Jogou rugby, deixou o esporte para ser padre e hoje enfrenta um duro rival: “O jogo da vida se joga em equipe”

Ignacio Palma foi lateral até aos 19 anos e depois formou-se como Analista de Sistemas, encontrou a sua vocação no Opus Dei; aos 39 anos, ele foi diagnosticado com Parkinson. Numa conversa com o jornal argentino La Nación, ele relembrou sua trajetória.

“Como você joga o jogo da vida? Em equipe, não há outro caminho”, afirma o padre Ignácio Palma, do Opus Dei, ao relembrar sua história de vida, cheia de superação. Tendo o rugby como bandeira desde os oito anos de idade, passou por momentos duros, outros felizes e hoje gosta de fazer o que sempre sonhou: “Se cada um ocupar a sua posição e cumprir as suas funções, como em campo para vencer, podemos fazer do mundo um lugar melhor”.

Ignácio Palma nasceu em 1976 a cinco quarteirões do Club Newman, no bairro de Ingeniero Maschwitz, na grande Buenos Aires.

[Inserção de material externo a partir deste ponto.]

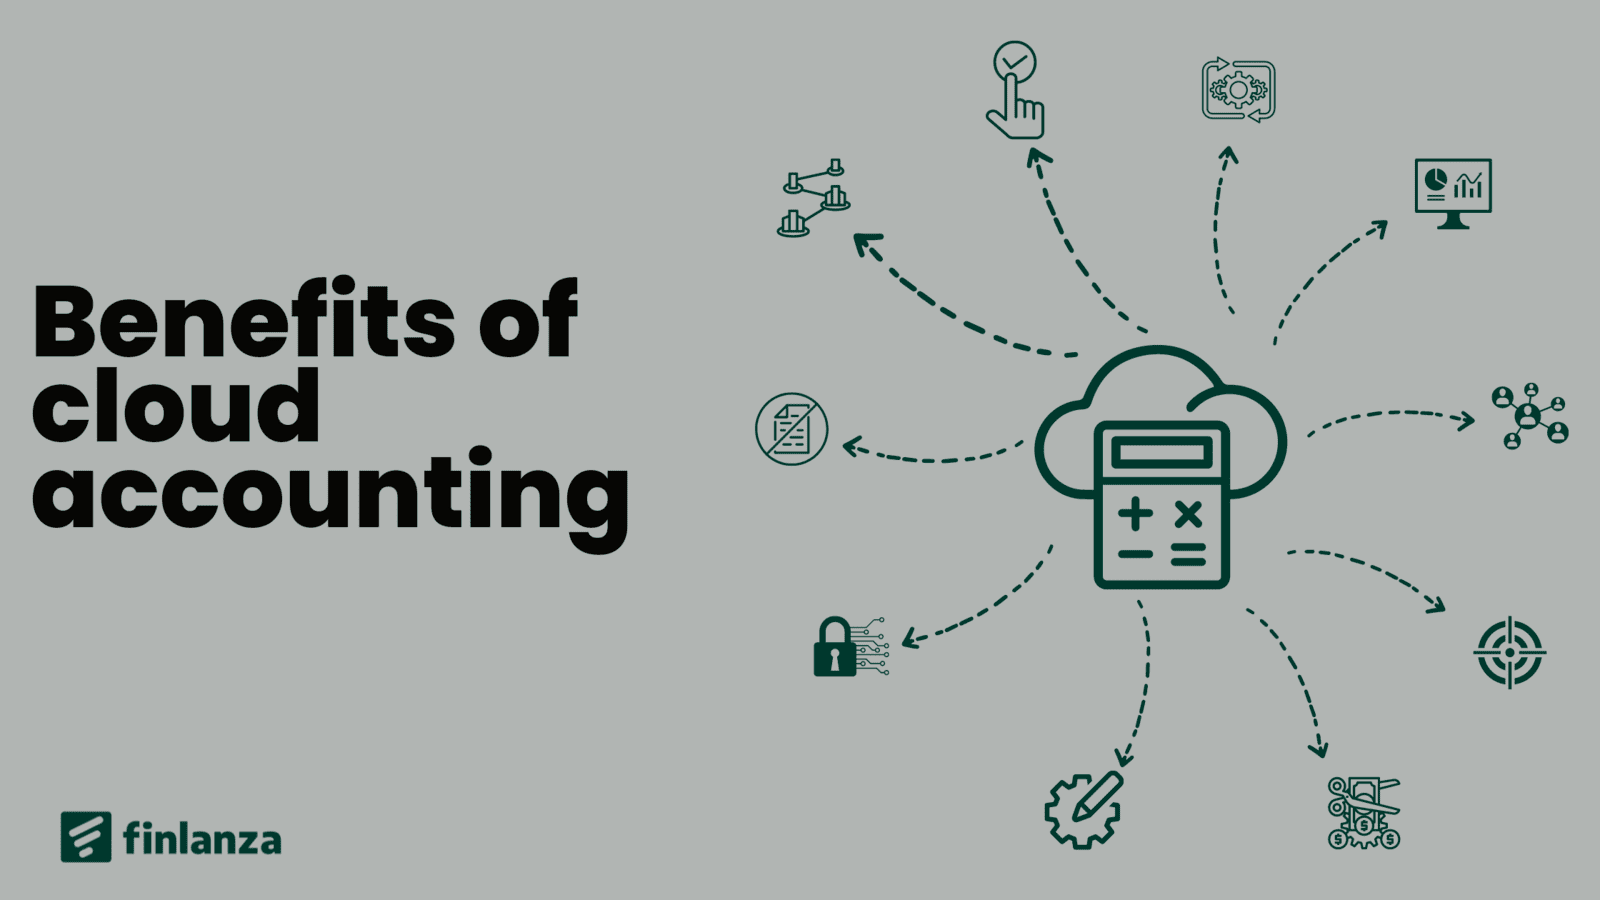 10 benefits of cloud accounting that will transform your business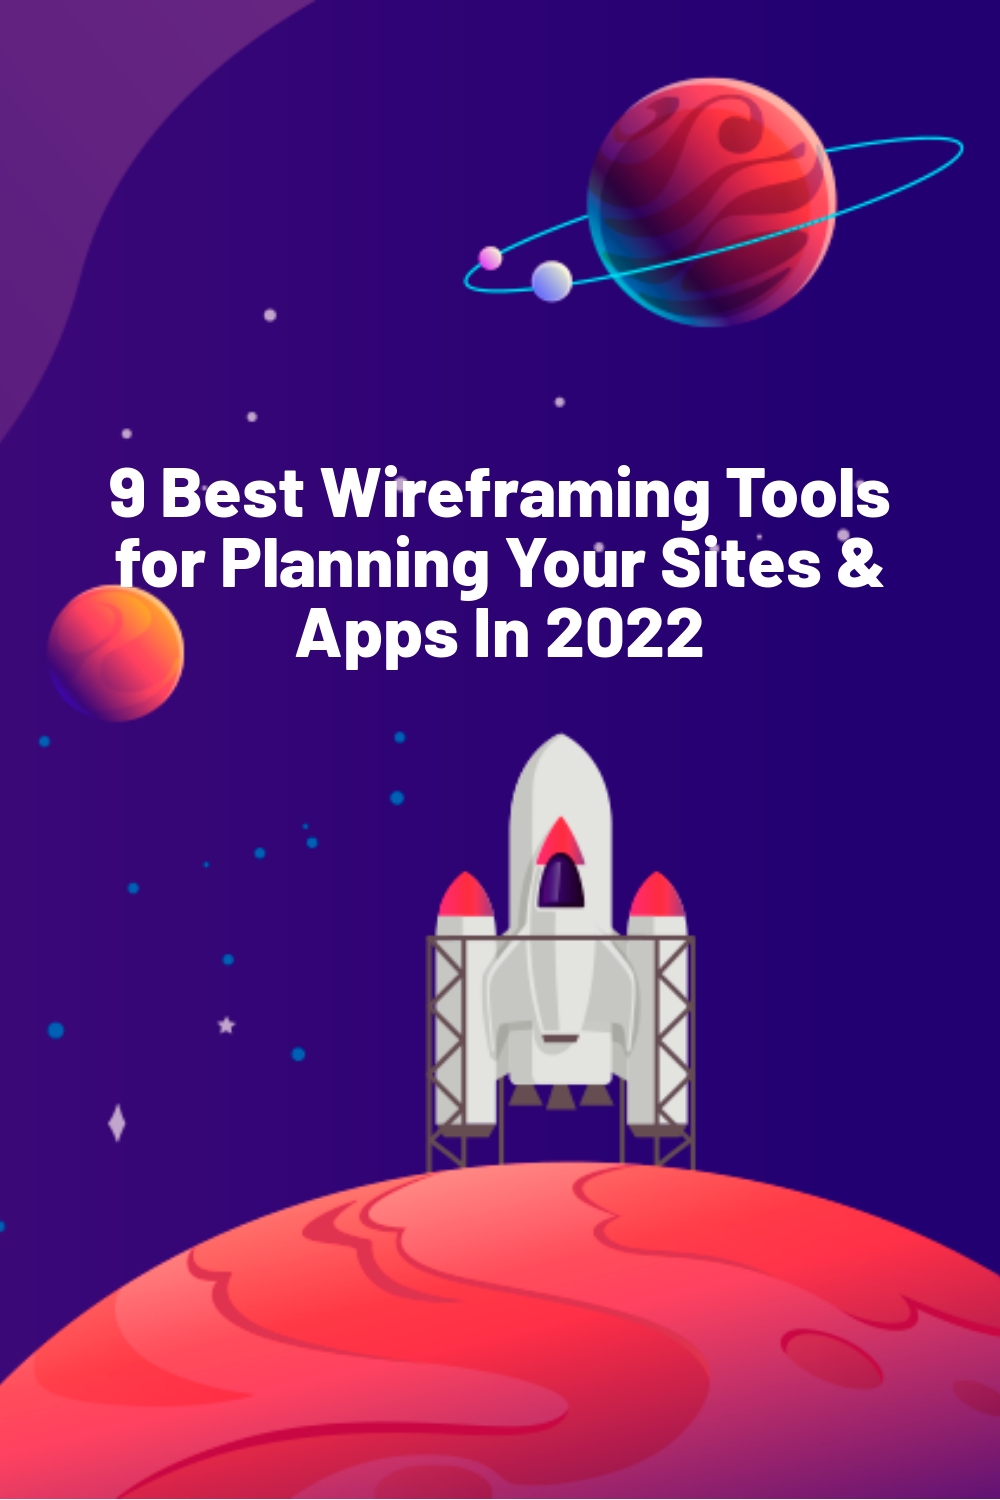 9 Best Wireframing Tools for Planning Your Sites & Apps In 2022

Cresceu em uma família com nove irmãos, são seis homens e quatro mulheres. Desde criança frequentou o colégio Cardeal Newman dos Christian Brothers, onde aprendeu uma paixão que o acompanha até hoje: o rugby.

“Aprendi a jogar rugby com oito anos. Foi por inércia, porque meus irmãos e todos os meus amigos jogavam. Fiquei cativado porque é um esporte muito bonito em que você tem muito a compartilhar e o jogo em equipe é fundamental. Ensinou-me muitas coisas para a vida”, contou Ignácio. Nesse jogo ele se desenvolveu e foi zagueiro até os 13 anos, quando mudou de escola para Los Molinos e começou a disputar competições intercolegiais com sua nova instituição e, em nível de clubes, com o Bordó de Buenos Aires.

Com uma família que frequenta o Opus Dei, à medida que foi crescendo foi aprofundando cada vez mais na religião católica. Ao terminar o ensino médio, iniciou a faculdade de Analista de Sistemas na UTN (Universidad Tecnológica Nacional). Durante esses anos, o jovem Ignácio começou a repensar os rumos de sua vida. “Comecei a ter dúvidas e sentia-me atraído pela mensagem de São Josemaria. Decidi consultar um sacerdote que recomendou que eu continuasse com os estudos e, depois de concluí-los, analisasse a possibilidade de entrar no seminário”, explicou.

Ignácio Palma descobriu sua vocação e foi ordenado sacerdote

Josemaria Escrivá foi um sacerdote católico espanhol, fundador do Opus Dei em 1928. “Ele ensinava a ser uma boa pessoa, ajudar os outros e encontrar Deus sem ter que fazer coisas extraordinárias. Posso fazer o bem ao mesmo tempo em que estudo, trabalho e tenho outras atividades. Aquilo me cativou muito porque não era preciso ser um super-herói para ser santo”, declarou Palma. Dessa forma, concluiu seus estudos na UTN, em Buenos Aires e, com o título em mãos, tomou sua decisão. Roma era seu próximo destino.

O sonho que cruzou o oceano

“A ideia de ser padre surgiu desde muito jovem. Lembro-me que tinha oito anos e estávamos de férias em Miramar. Estava brincando com uma menina na praia e, coisas da idade, meus irmãos me importunavam dizendo que que eu tinha namorada. E minha resposta era: ‘Não, vou ser padre’”, conta Ignácio e depois acrescenta: “O que começou como uma brincadeira, virou uma inquietação e, depois, uma realidade”.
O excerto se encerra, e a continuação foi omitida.